It looks like at least one corporation may finally have reached the ultimate marketing frontier: advertising to us in our dreams.
According to The Hustle, one woman says she took part in a Coors experiment that successfully infiltrated her dreams with advertisements for the domestic brewery.
Travel writer Bobbi Gould told The Hustle that in 2021, she responded to a strange Craigslist ad claiming that a "big brand" was willing to pay $1,000 for "willing sleepers." Gould and her boyfriend responded to the ad and were directed to a warehouse in Los Angeles where more than a dozen other volunteers were hooked up to brain monitoring equipment as marketers from Molson Coors looked on.
Gould and the other subjects were directed to watch a video that featured Coors products amid waterfalls and jungle landscapes, and instructed to try to doze off while listening to audio from the video they'd just watched. For the next eight hours, the travel writer said she did, in fact, have a series of "weird Coors dreams."

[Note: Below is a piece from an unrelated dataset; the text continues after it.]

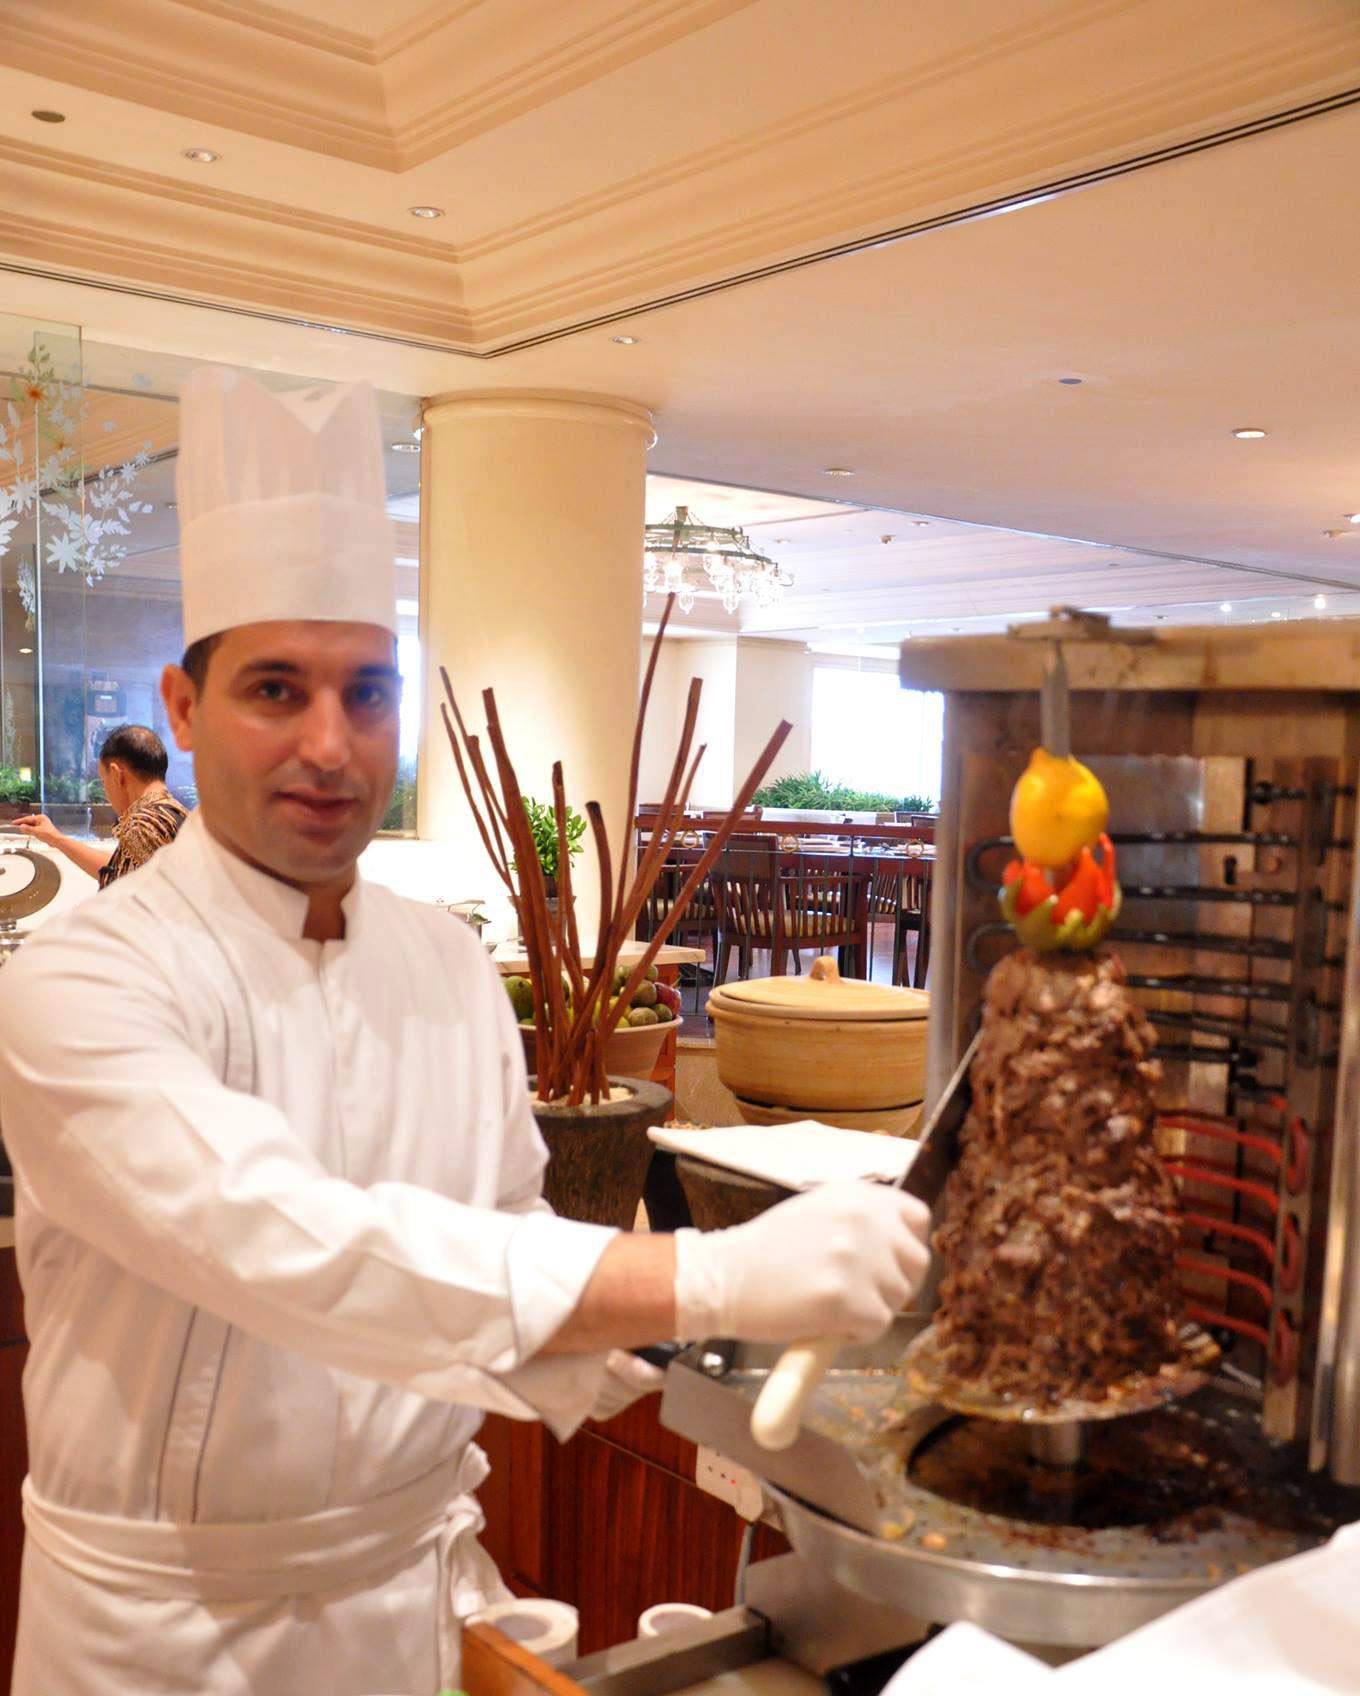 Salah satu koki sedang menyiapkan shawarma.

"I had one where I was on a pogo stick jumping around with Coors products," Gould told The Hustle. "In another one, I was on a plane dropping Coors cans on people and they were cheering for me."
After the dreaming session, the travel writer said she and her fellow subjects were shepherded into a focus group where they were made to discuss the experience, which she said made them feel "like lab rats."
"They were trying to implant Coors into our brains," Gould told the blog. "It just didn’t really sit right.”
This alleged ordeal isn't the first we've heard of Coors' efforts to inject ads into dreams.
In June 2021, Science Magazine reported that Coors, along with others including Xbox and Burger King were working with scientists to "engineer" ads into volunteers' dreams using audio and video. Sound familiar?
The Science report also noted that 40 dream researchers signed an open letter calling for the regulation of burgeoning "targeted dream incubation" experiments like Coors', because although this sort of dream manipulation is current voluntary, "it is easy to envision a world in which smart speakers — 40 million Americans currently have them in their bedrooms — become instruments of passive, unconscious overnight advertising, with or without our permission."
"These tailored soundtracks would become background scenery for our sleep, as the unending billboards that litter American highways have become for our waking life," the researchers wrote in their open letter.
"Regardless of Coors’ intent," the researchers continued, "their actions set the stage for a corporate assault of our very sense of who we are."
Given what Gould said she experienced, it seems like their warnings were apt.